1) Every episode rocks the llama’s ass, and;
2) Every episode breaks my heart into a million pieces.

I just watched Ep. 11 this afternoon, a week ahead of you folks without On Demand cable, or the discipline to wait and watch with the rest of the country. (I always love how the whole neighborhood settles in and watches at the same time; you can practically hear the exclamations from nearby houses, and as soon as it’s over we all go outside and stand in the street and discuss it over beers. In brown paper bags.)

I don’t want to make predictions, as I’ve signed on for the ride and I’m willing to be led in a new direction, but so far, a few random impressions:

Chris is emerging as one of the more subtle and interesting characters of the season. His beatdown of Michael’s…father? Stepfather? …was as revelatory as anything he’s done all year, and shows how much he knows without being told. He should really be Marlo, but maybe we’ll see that happen.

Michael: Soul sold. Dukie: May yet make it. Randy: Jury still out. Namond: Oy, that mother. Was the whole school project about demonstrating the uselessness of No Child Left Behind? Has Prez bet on yet another losing horse? Where’s Cutty? More will be revealed.

Dorothy, take it away.

Posted at 2:06 am in Television |
 

23 responses to “Discuss.”

  1. Dorothy said on November 21, 2006 at 9:18 am

    I saw about 80% of this past Sunday’s episode and I can’t agree more about Chris. When he beat Michael’s stepdad, I had to cover my ears and eyes after the first 5 or 6 whacks. And did I see in the previews that Randy was getting his ass beat as well? I loved the visit to the restaurant and all that it showed us without words. Naymond’s mother is just a train wreck!

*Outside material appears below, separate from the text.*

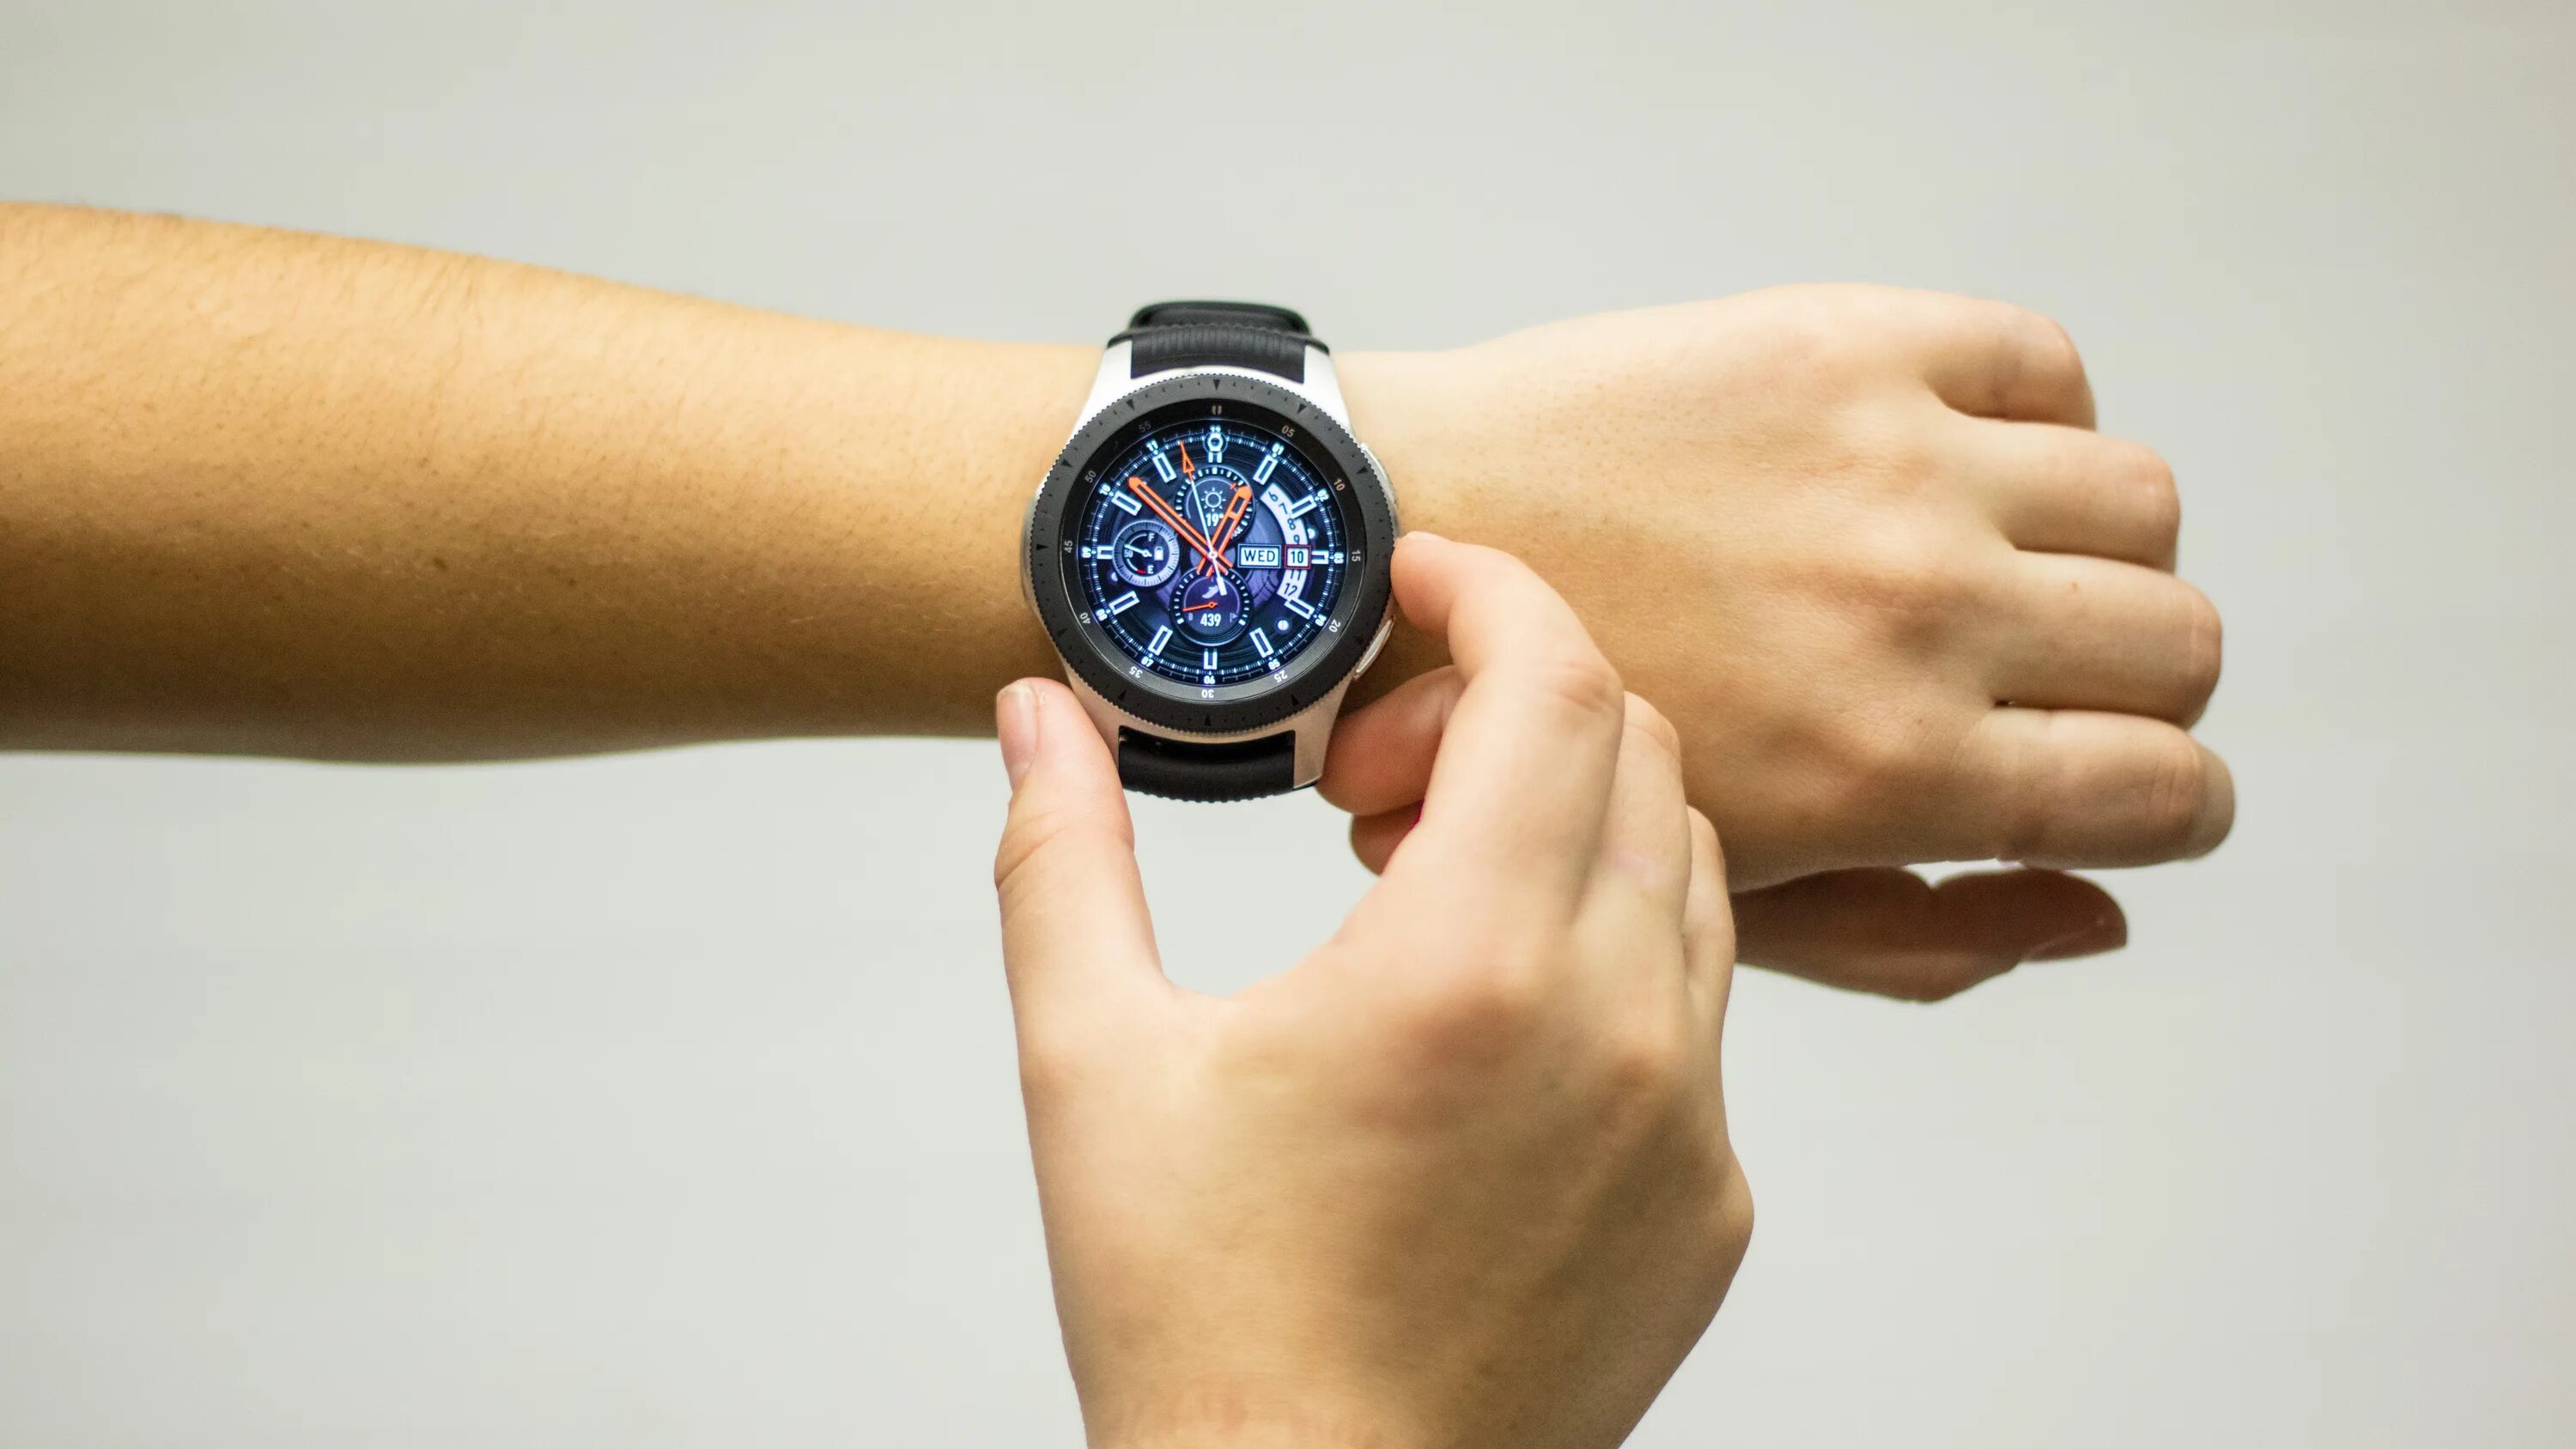 Samsung Galaxy watch 4 46. Samsung Galaxy watch 4 46mm. Samsung Galaxy watch 46мм. Galaxy watch 4 Classic 46 мм.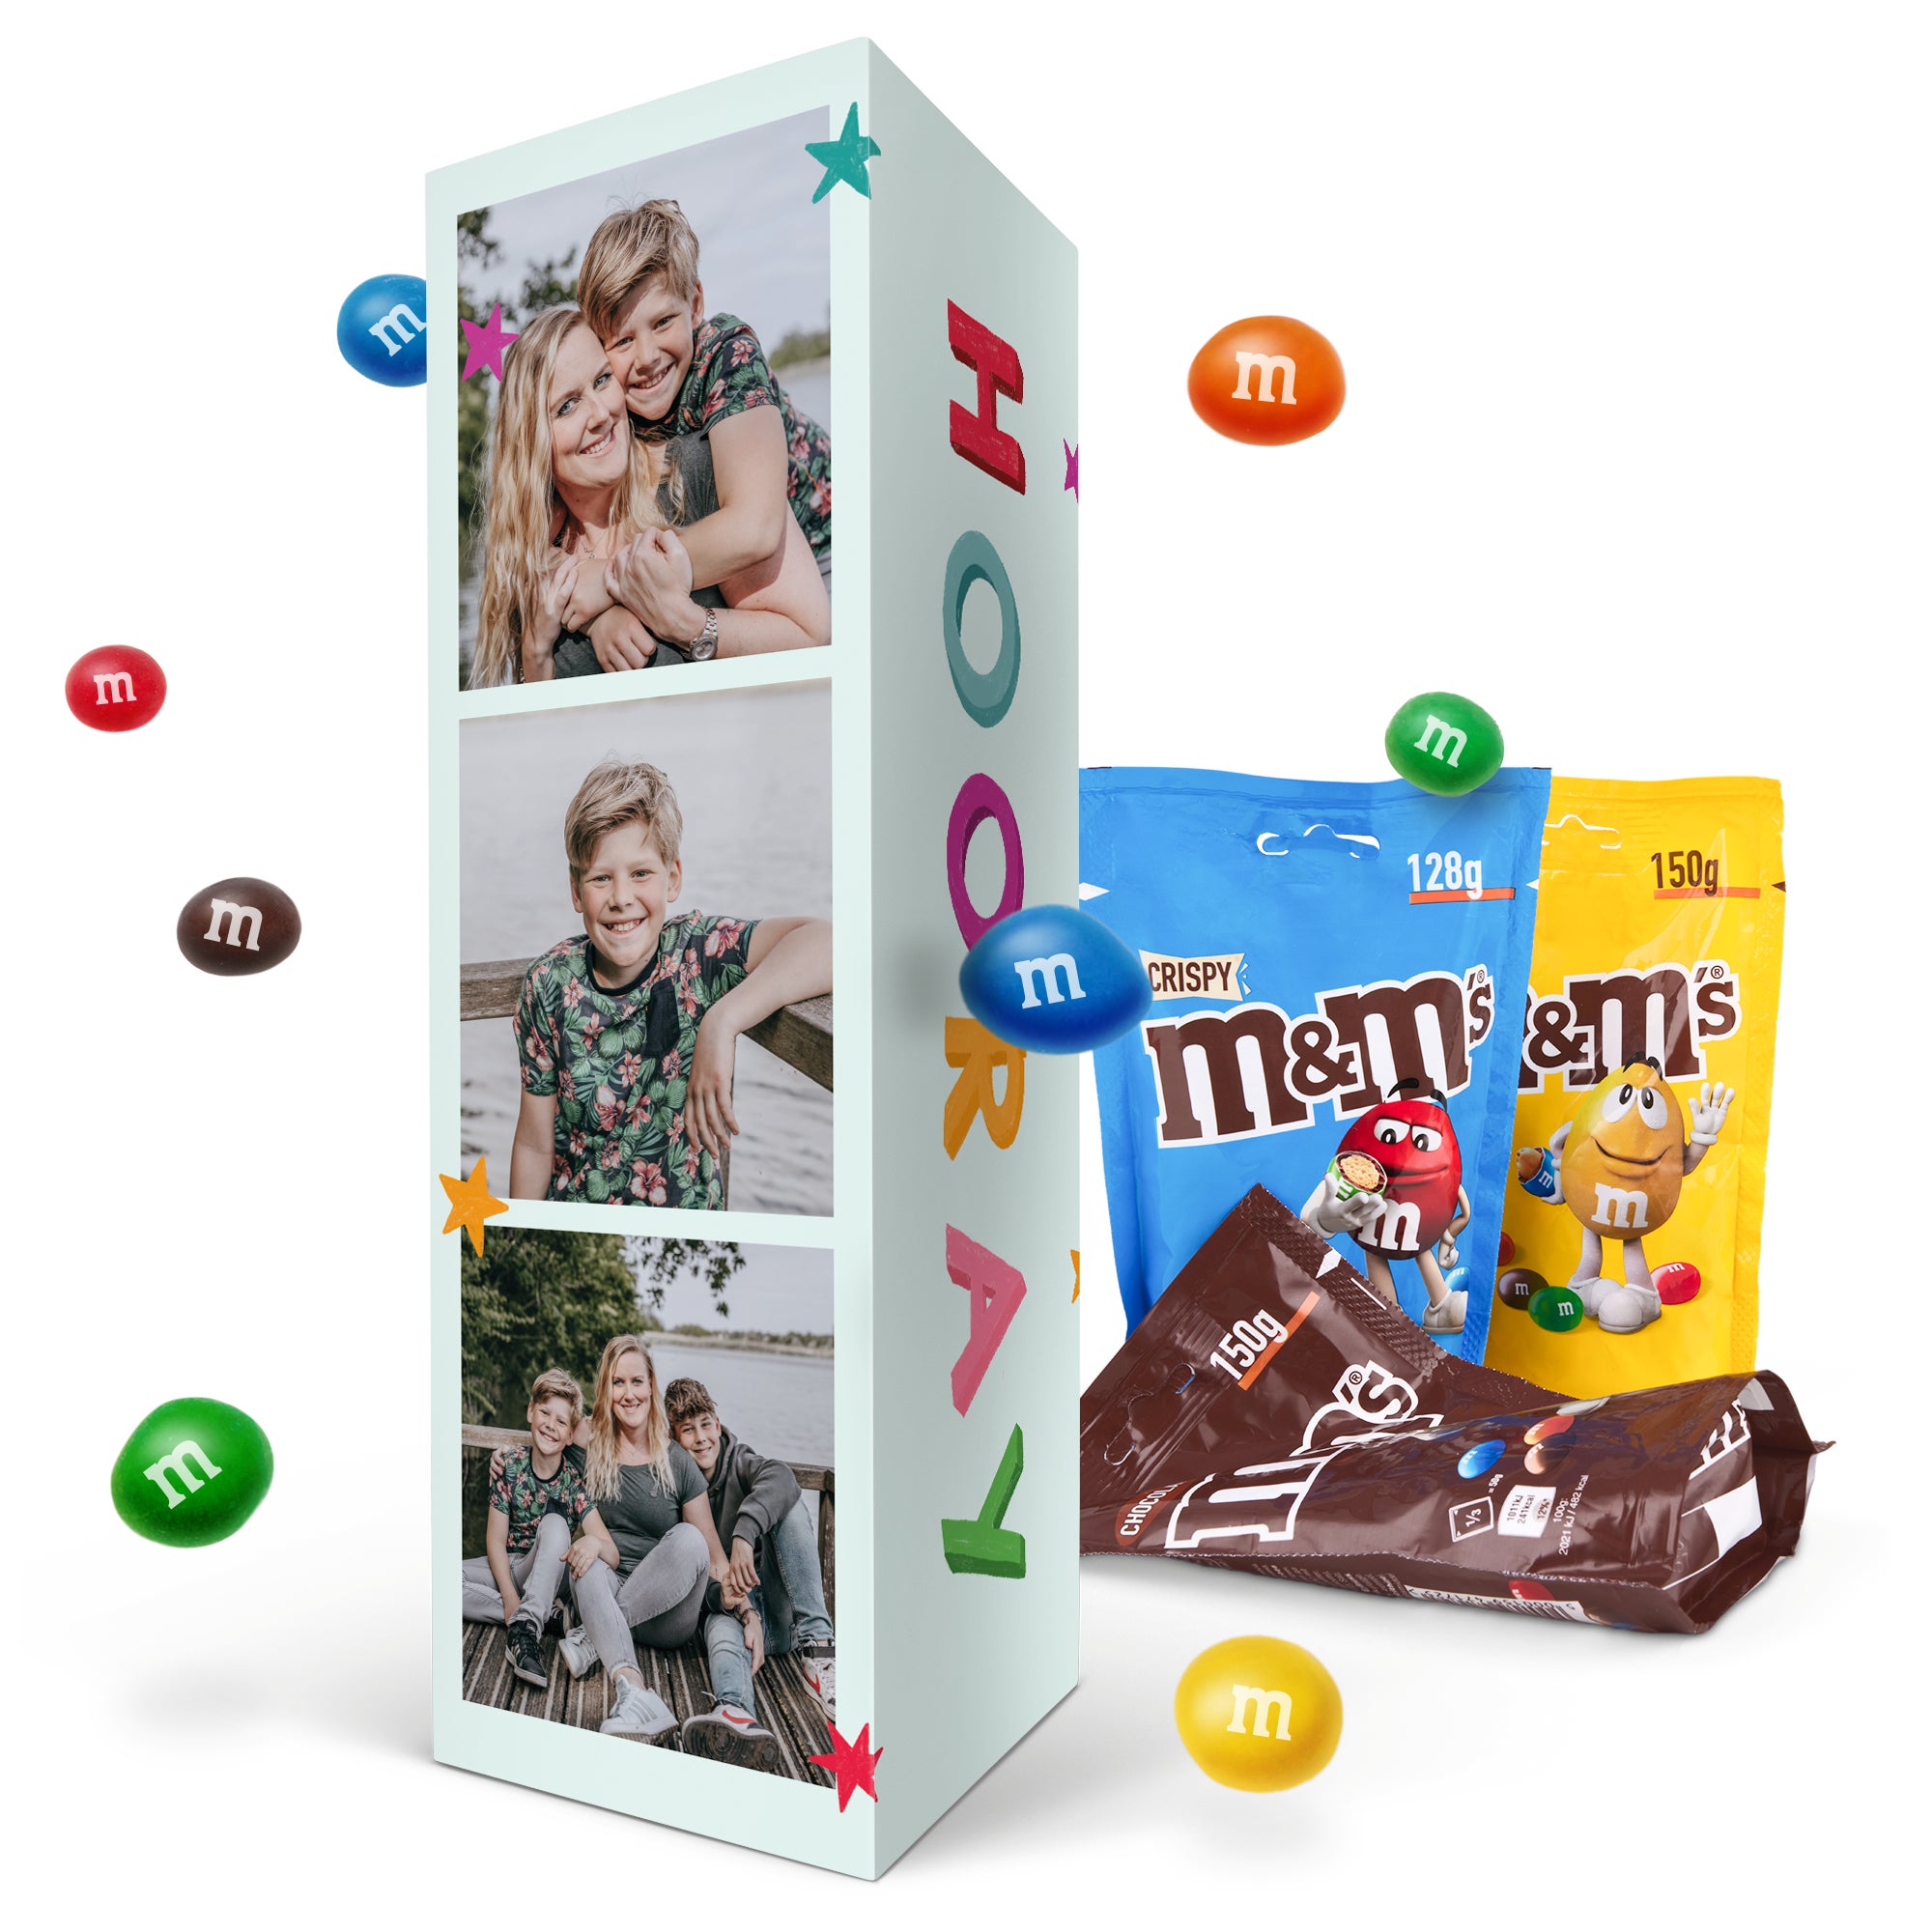 Gepersonaliseerd cadeaupakket met M M's chocolade

    I don’t care what it costs – I’m going to buy Season 1 for my son for Christmas. I keep telling him how great this show is and now I have to prove it to him. He’s majoring in Criminology (and Chinese) at OSU and currently focused on getting a job after graduation next June. Back when we used to watch Homicide: Life on the Streets together, he maintained he wanted to be a cop in Baltimore.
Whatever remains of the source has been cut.